Former Guantánamo Prisoners in Slovakia Finally Receive Residence Permits

20.7.10

In a rare piece of Guantánamo-related good news, the Slovak Spectator reports today that the three former prisoners released in Slovakia in January have finally been “given permission to permanently reside in the Slovak Republic.”

The three men — Adel Fattough Ali El-Gazzar, from Egypt, Poolad Tsiradzho, from Azerbaijan, and Rafiq al-Hami, from Tunisia — embarked on a hunger strike last month to protest about the conditions in which they were held, in a detention center described by the Slovak Spectator today as “a police detention facility for illegal migrants.”

According to El-Gazzar, the men’s unofficial spokesman, he and his colleagues were “not allowed contact with anyone except for personnel in the facility and their lawyer,” and he “described their living conditions as poor — having only beds and a sink at their disposal and being allowed to leave their rooms for only an hour per day.” He later explained that it was “better” in Guantánamo, because “[w]e could communicate with everyone, [but] here we cannot.”

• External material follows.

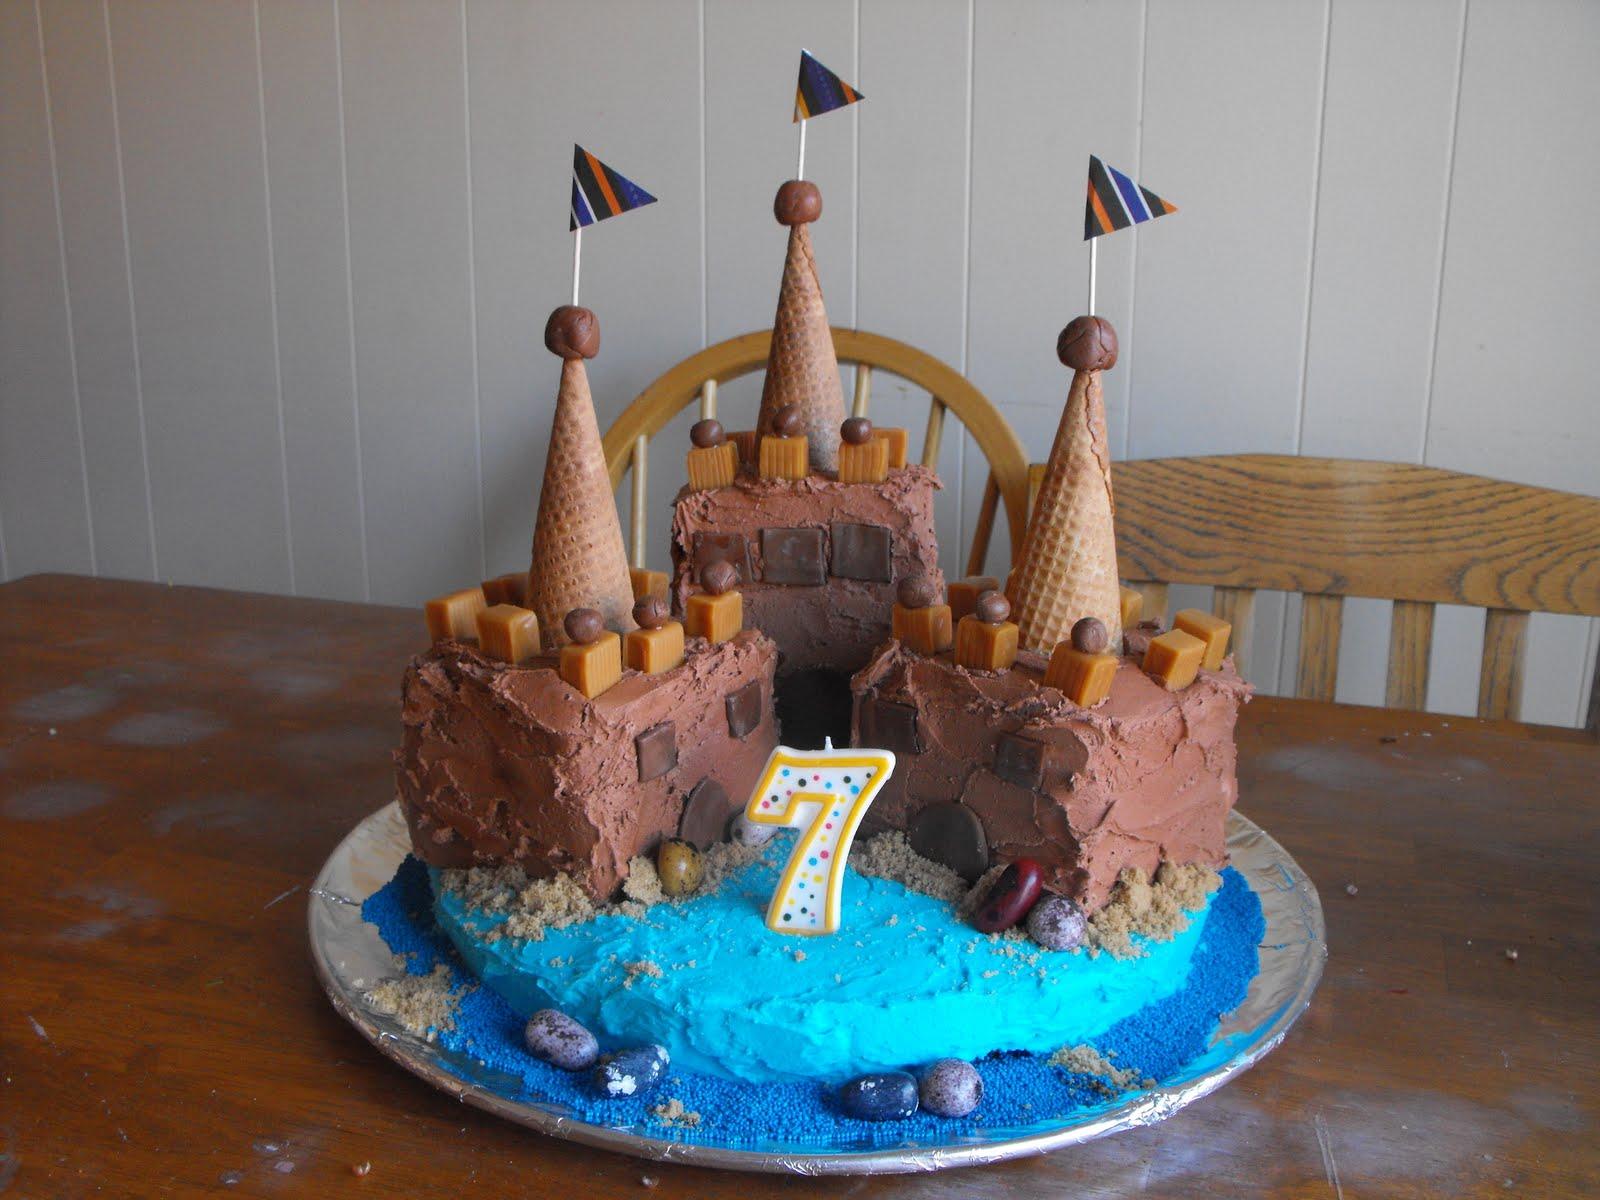 One Orange Giraffe: Sand Castle Birthday Cake

These statements were contested by the Slovakian authorities, but it was clear that they had been ill-prepared for the men’s arrival — for which the Obama administration must take the ultimate responsibility — because, as a representative of Amnesty International Slovensko explained, the men were concerned because, after five months, their legal status “was still not clear.”

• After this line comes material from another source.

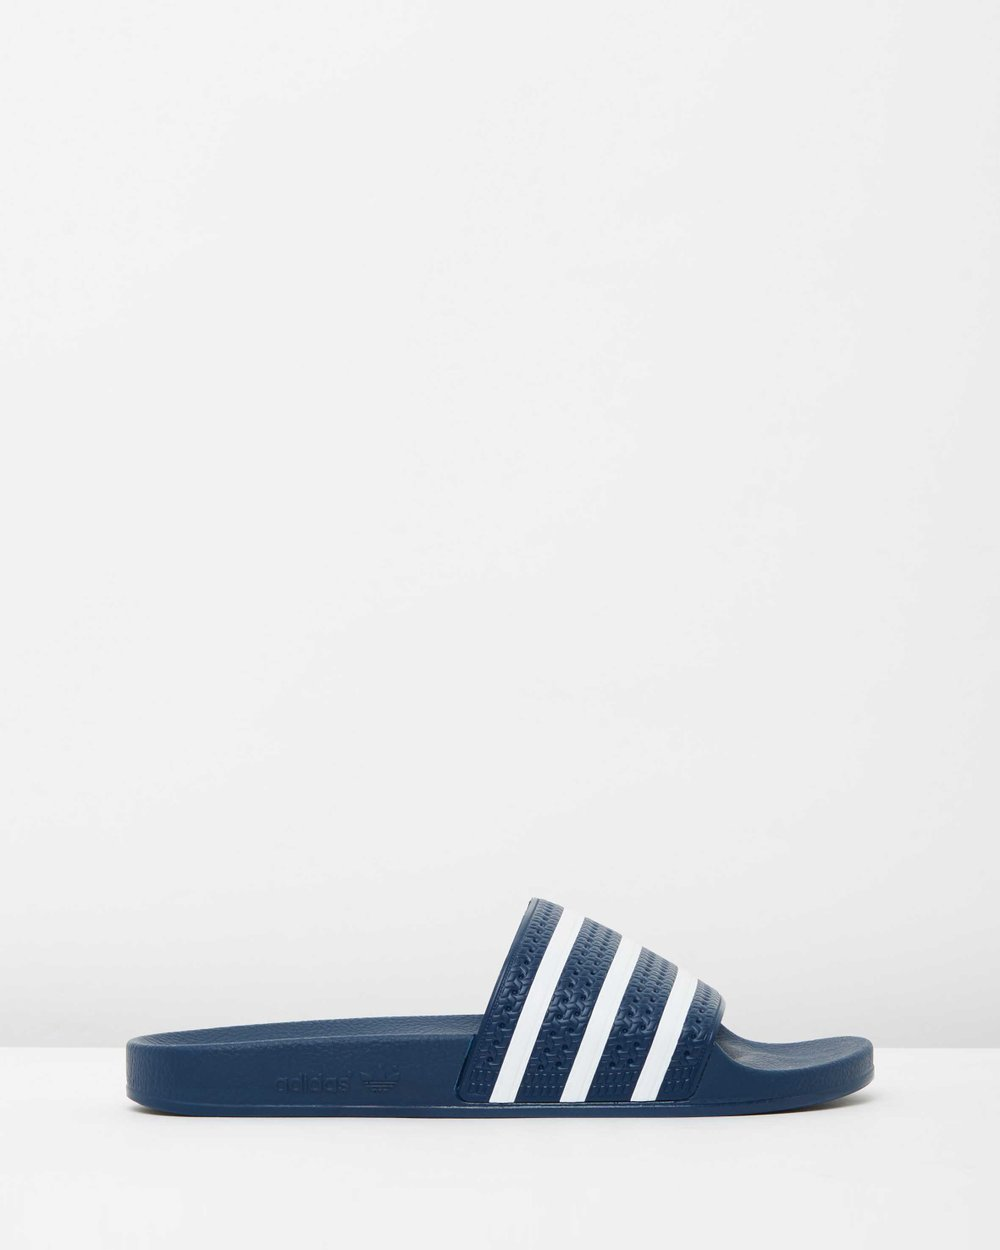 5a38c00a3221 Adilette - Unisex by adidas Originals Online

While refuting the men’s claims about their living conditions, Bernard Priecel, the chief officer at the Interior Ministry’s Migration Bureau, conceded that “the lack of clarity on their legal status could be a burden for them.” In a further explanation of their status — or the lack of it — the news agency dpa added, “At the moment they [are] simply foreigners, without asylum seeker status,” even though, when they arrived in Slovakia in January, Interior Minister Robert Kalinak had “promised that their residence permit status would be cleared up quickly.”

A few days after the men started their hunger strike, Tomas Vasilko, a Slovakian journalist, told me that he had spoken to El-Gazzar by phone, and provided a detailed explanation of why he and the other men were so frustrated. “He was really upset about the conditions they live in here,” Vasilko explained, adding, “He told me that firstly, in Guantánamo, the Slovak delegation didn’t mention the word detention — they told them that they would be free with some restrictions. When they arrived in Slovakia they told them they had to stay in a detention facility for asylum seekers for six months, but after that they would get a house in a town with a Muslim community. But one month ago they told the men that plan had changed and they would go to another detention facility for another six months. He was really frustrated and that’s the reason why they started the hunger strike.”

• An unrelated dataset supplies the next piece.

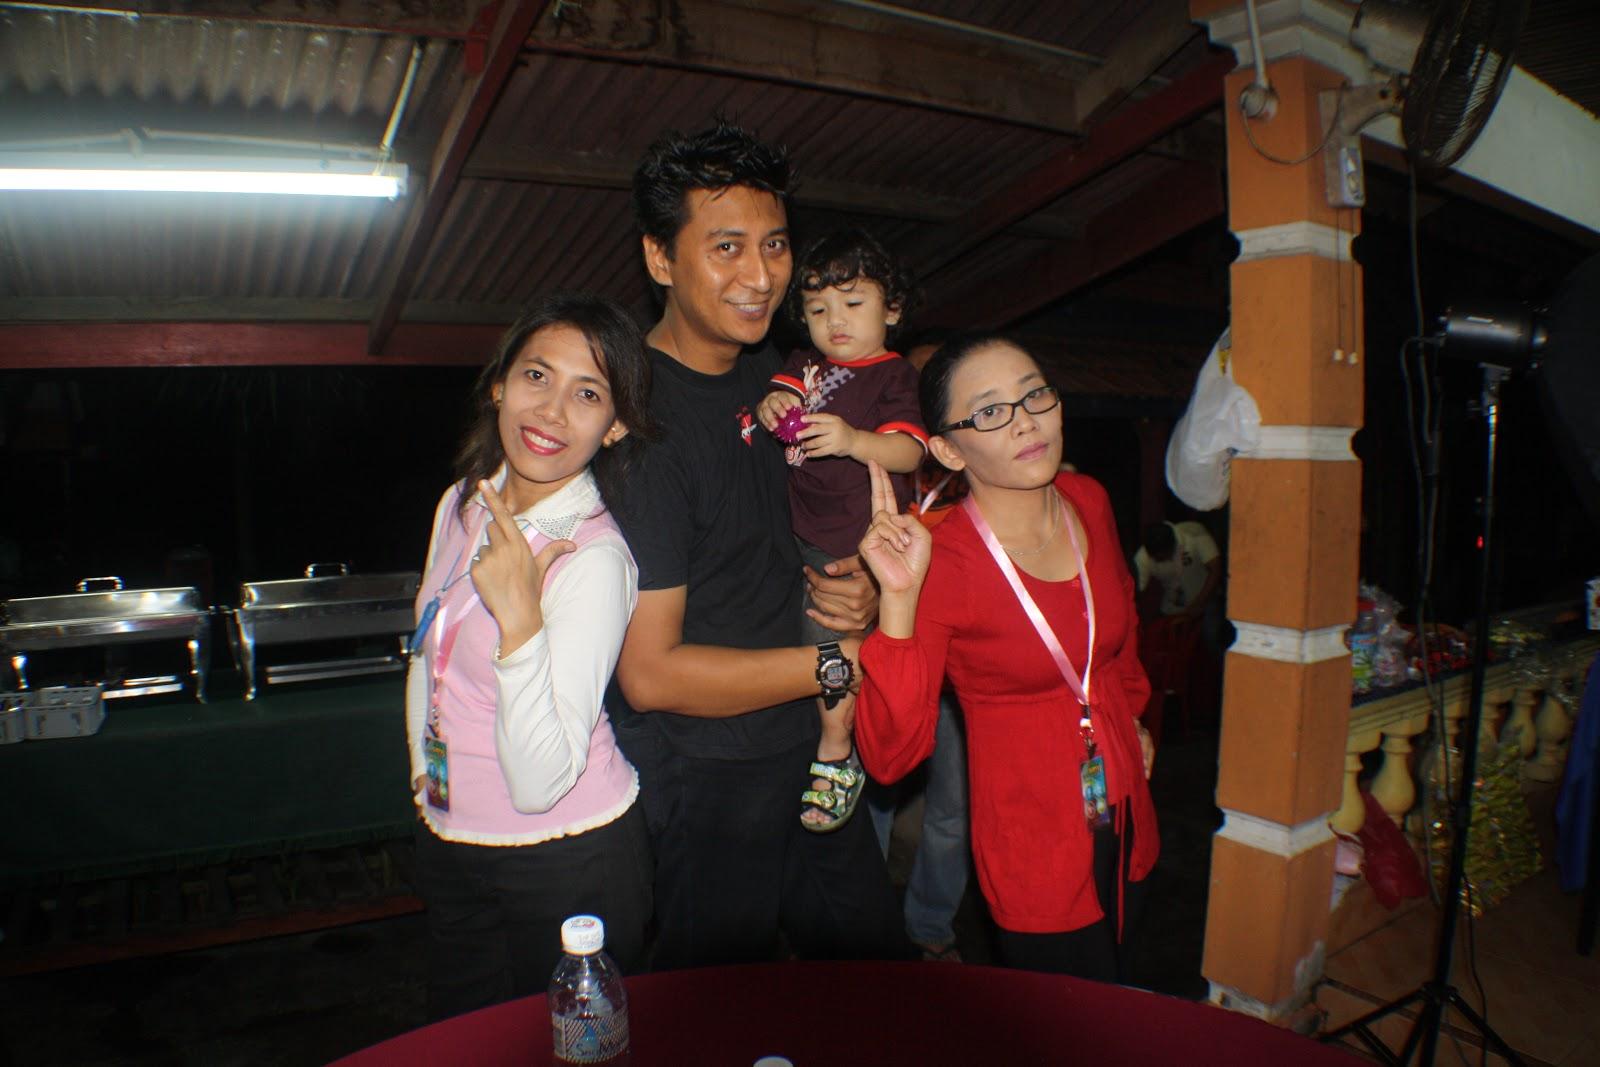 Resort Damar Suria Melaka Damar Suria Resort Melaka

According to the Slovak Spectator, the men have now been “moved to the integration center of the Interior Ministry’s Migration Office in Zvolen where they will take part in six-month integration program.” As was noted in a European Parliament report on “Migration and Asylum in Central and Eastern Europe,” in Zvolen, “recognized refugees are provided with assistance in job seeking, renting an apartment or obtaining other social services.”

This is similar to what the Slovak Spectator noted about the men’s proposed integration, explaining that “Slovakia’s conditions when accepting the former Guantánamo prisoners included that all would learn the Slovak language, receive accommodation and Slovakia would help take care of jobs for them.”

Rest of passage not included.